Schuyff was born in 1958 in Baam, Holland. In 1967 he moved with his family to Vancouver, Canada, where his father was a professor of economics at Simon Fraser University. His mother is an artist. Growing up amid the radicalism of the late '60s and early '70s, Schuyff was intrigued by his father's "hippie" colleagues. He also became infatuated with a number of art-world personalities, video artists, Andy Warhol, the New York School painters, especially Willem de Kooning. "I was very impressed that they could get away with doing such naughty work," he says. "It seemed so rich, so seductive, so profound."

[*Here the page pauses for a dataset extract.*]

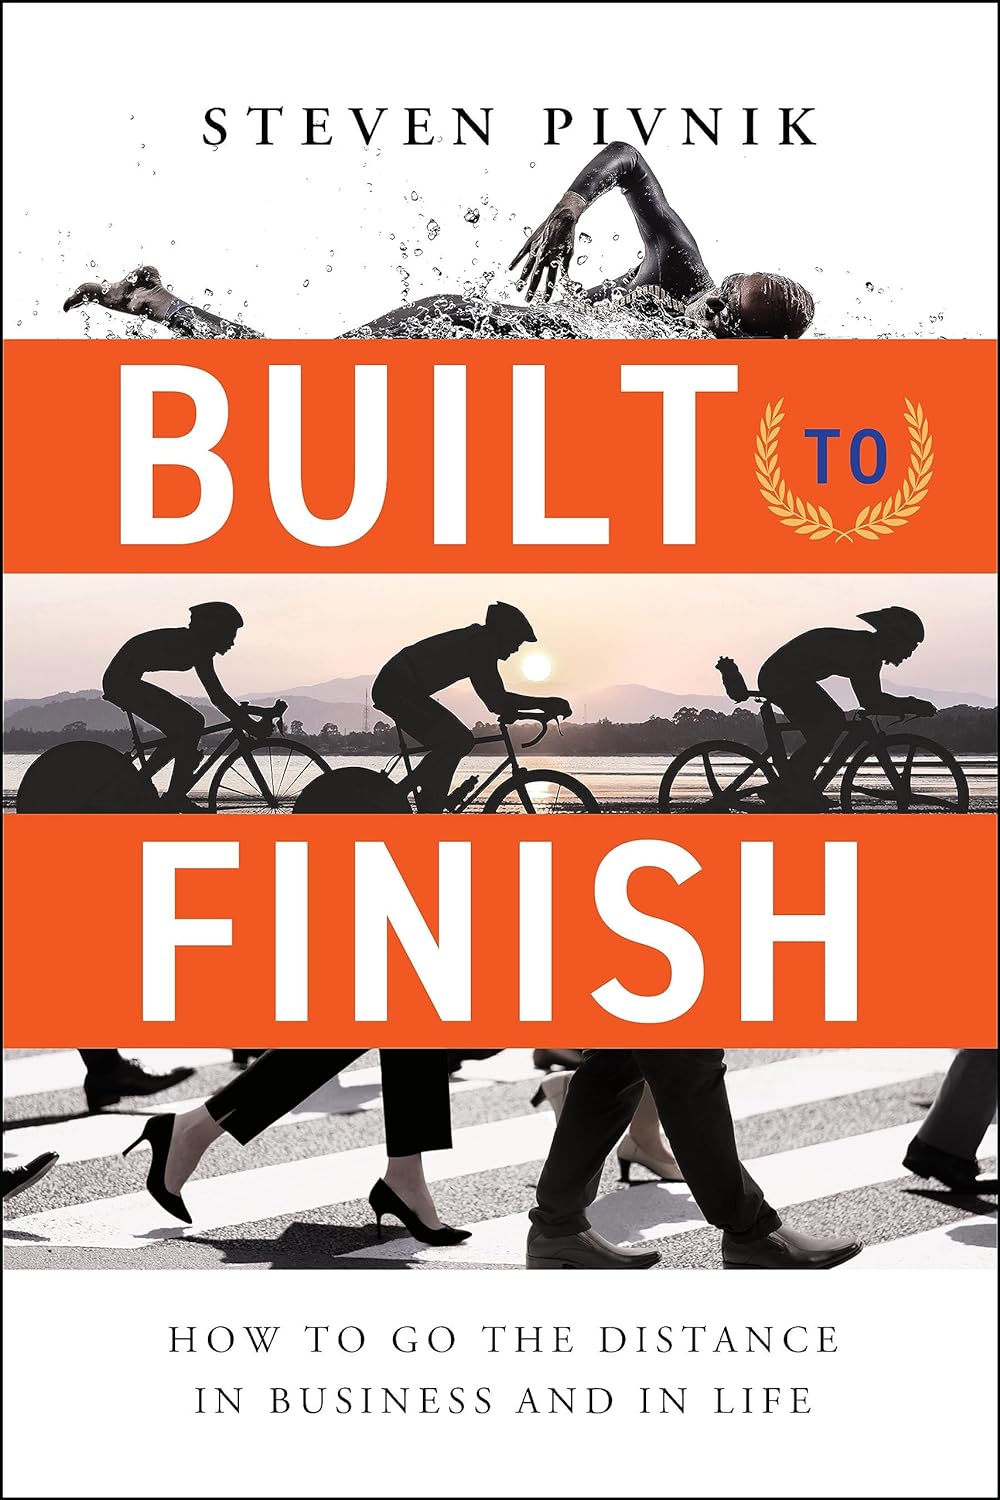 Built to Finish: How to Go the Distance in Business and in Life by Steven Pivnik

Inspired by both the irreverence and the talent of these people, Schuyff decided after high school to enroll at the Vancouver School of Art. He studied there for a year and a half but found his fellow students, many of whom were performance artists, far more stimulating than his classes. After leaving school, he painted for a while in Vancouver and became friends with a Canadian painter, Michael Morris, who "taught me everything I know." Inevitably, Schuyff was drawn to New York.

In 1981 he settled in the East Village. It's hard to imagine a painter of such elegant canvases having roots in that scruffy environment. Early in his career, Schuyff did traditional work while being inspired by nontraditional art. Now, he says, he's going the other way: "I start off a painting very simply with an idea of the structure, and from that a kind of obsessiveness develops that renders spirituality almost inevitable, and the work takes on a life of its own. But Schuyff lived and showed his work there, experiencing what he calls the "archetypal artist's first years and living in so small a space that I had to roll up my canvases to make them fit." Now, nineteen years later, Schuyff's biomorphic forms and vibrantly colored, light-filled grids and template patterns have firmly established his reputation.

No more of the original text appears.